__Task to complete__: Restate, word for word and with no pictures, the stretch of lines in the data below that begins at the line with "Cows, goats, geese at farm." and ends at the line with "[A tethered goat", inclusive.

__Material provided__:
+++++
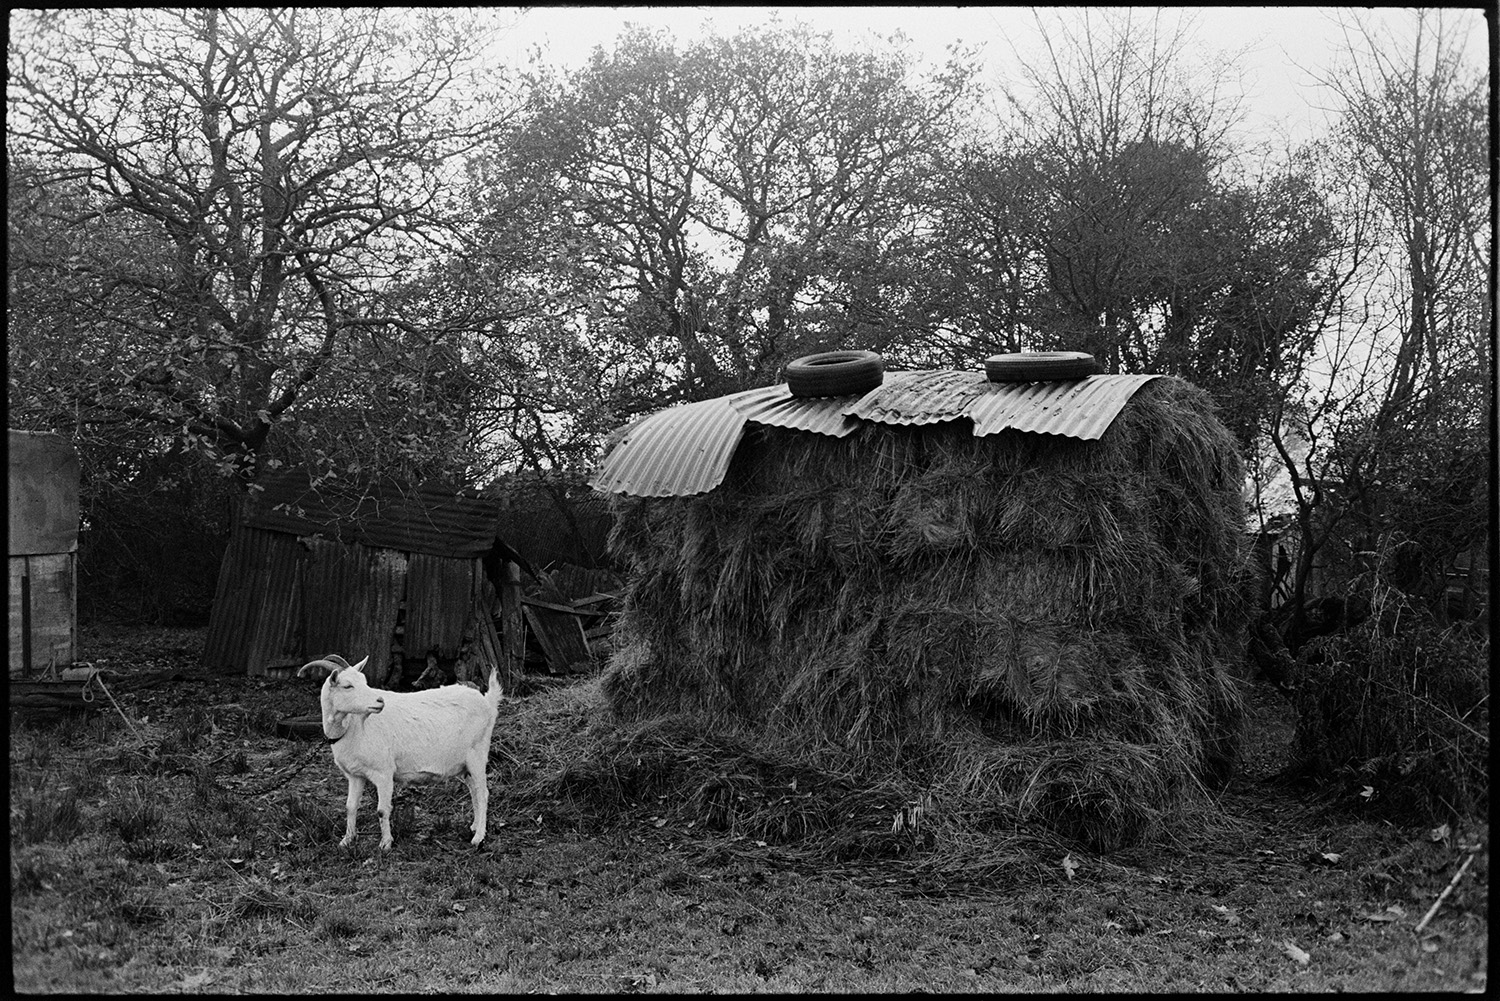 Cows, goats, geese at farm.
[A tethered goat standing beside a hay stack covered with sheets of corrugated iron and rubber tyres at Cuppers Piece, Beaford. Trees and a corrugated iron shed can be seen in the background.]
+++++
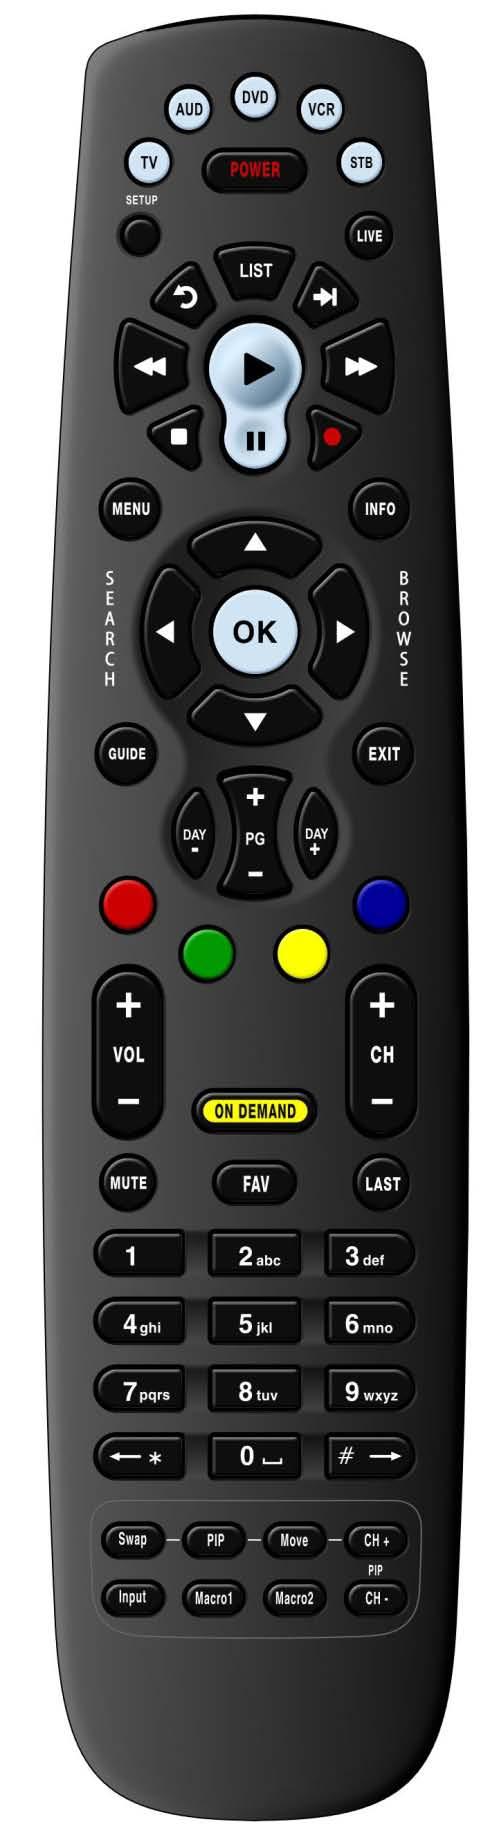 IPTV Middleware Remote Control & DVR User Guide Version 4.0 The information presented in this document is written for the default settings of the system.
+++++
__Answer box__:
 Cows, goats, geese at farm.
[A tethered goat standing beside a hay stack covered with sheets of corrugated iron and rubber tyres at Cuppers Piece, Beaford. Trees and a corrugated iron shed can be seen in the background.]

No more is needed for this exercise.